Pendant 9 ans, j’ai travaillé en tant qu’ingénieure en développement et déploiement d’applications sur la plateforme bioinformatique Migale de l’unité MaIAGE. Depuis 3 ans, j’ai rejoint l’équipe de recherche StatInfOmics au sein de la même unité. Je suis amenée à traiter des données assez hétérogènes allant des données « omiques » (génomique, transcriptomique, …) mais également des données issues de traitement automatique de la langue (text-mining) par exemple.
Concrètement, en quoi cela consiste ?
Mon travail consiste à développer des outils (bio)informatiques afin d’analyser ces données, les mettre à disposition de la communauté, les visualiser, …

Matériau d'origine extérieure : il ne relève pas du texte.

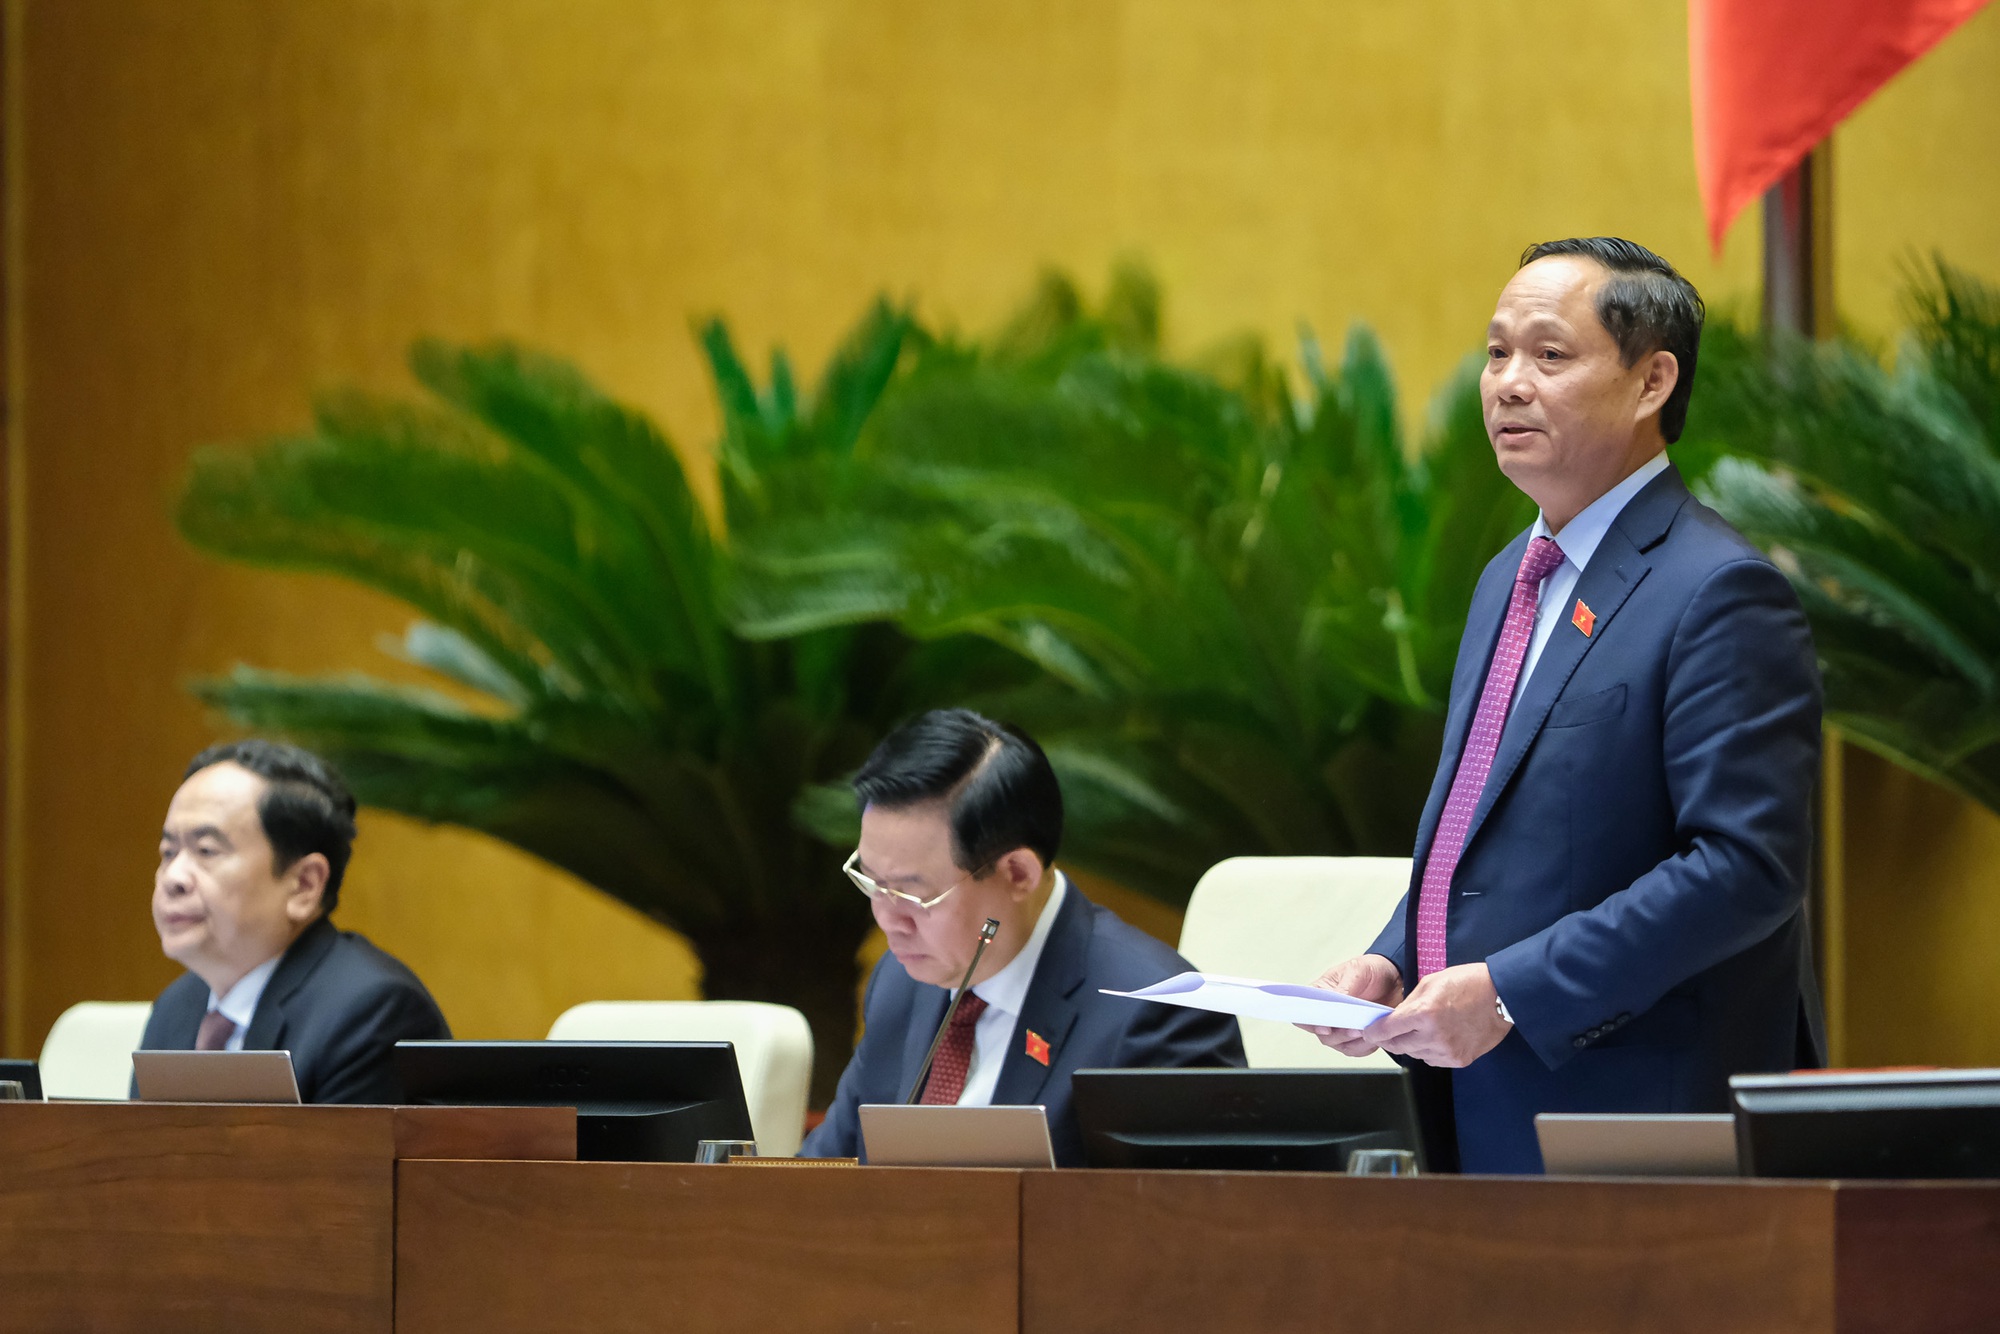 Bộ trưởng Lê Minh Hoan: Có lẽ do kỳ vọng nhiều nên khi gặp vướng chúng ta lại thất vọng hơi nhiều - Ảnh 1.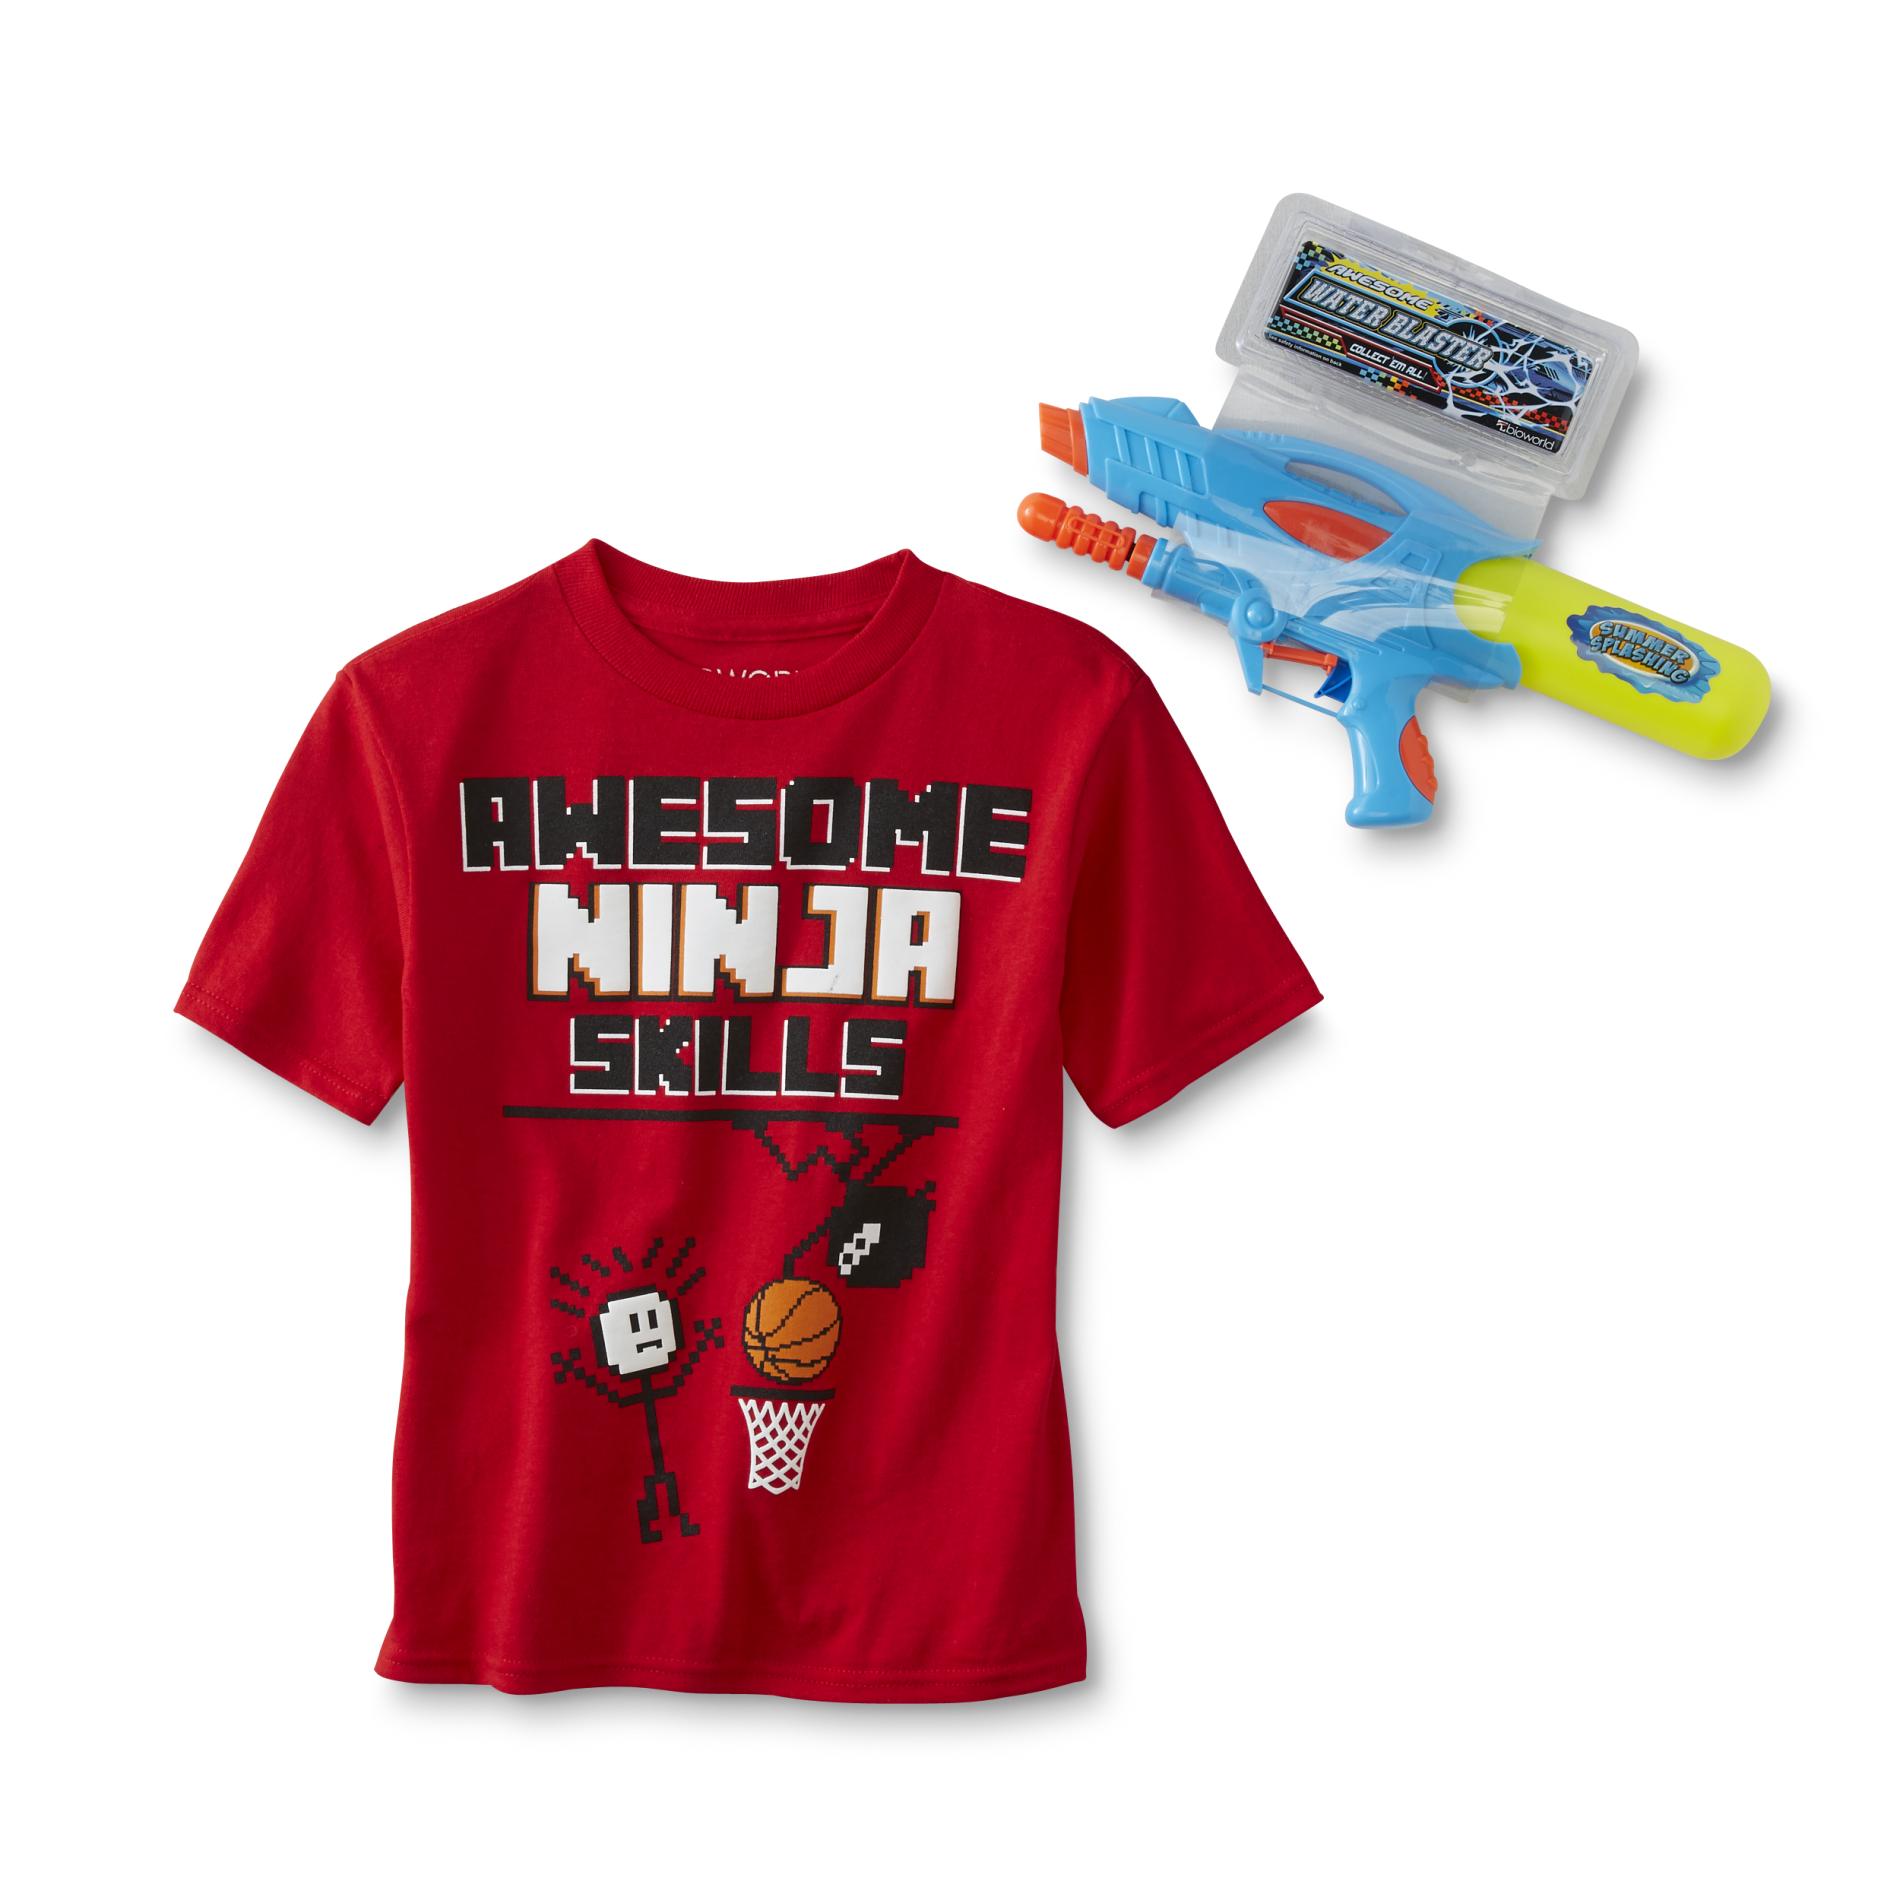 Boys' Graphic T-Shirt & Toy - Ninja Basketball

Concrètement, je participe à la mise en place de workflow d’analyses. Le dernier en date est un workflow de détection de pseudogènes chez les bactéries. C’est une collaboration entre mon équipe mais également l’Institut Pasteur. Je mets également à disposition des bases de données, comme par exemple, Omnicrobe qui est une base de données dédiée aux habitats et phénotypes de micro-organismes. Sa particularité est qu’elle regroupe des données issues de différentes sources (PubMed, GenBank, DSMZ, CIRM). Je développe des interfaces web, comme Genoscapist qui permet de visualiser des données hétérogènes le long d’un génome. On peut en effet, parcourir des données d’annotation mais également des données d’expression.
En dehors de cette activité de développement qui occupe la majorité de mon temps, je suis également impliquée dans des actions de formation. En effet, depuis plus de 10 ans, je suis formatrice dans le cadre du cycle Bioinformatique par la pratique de la plateforme Migale.
Collaborez-vous avec des biologistes ? Quel type de collaboration est-ce ?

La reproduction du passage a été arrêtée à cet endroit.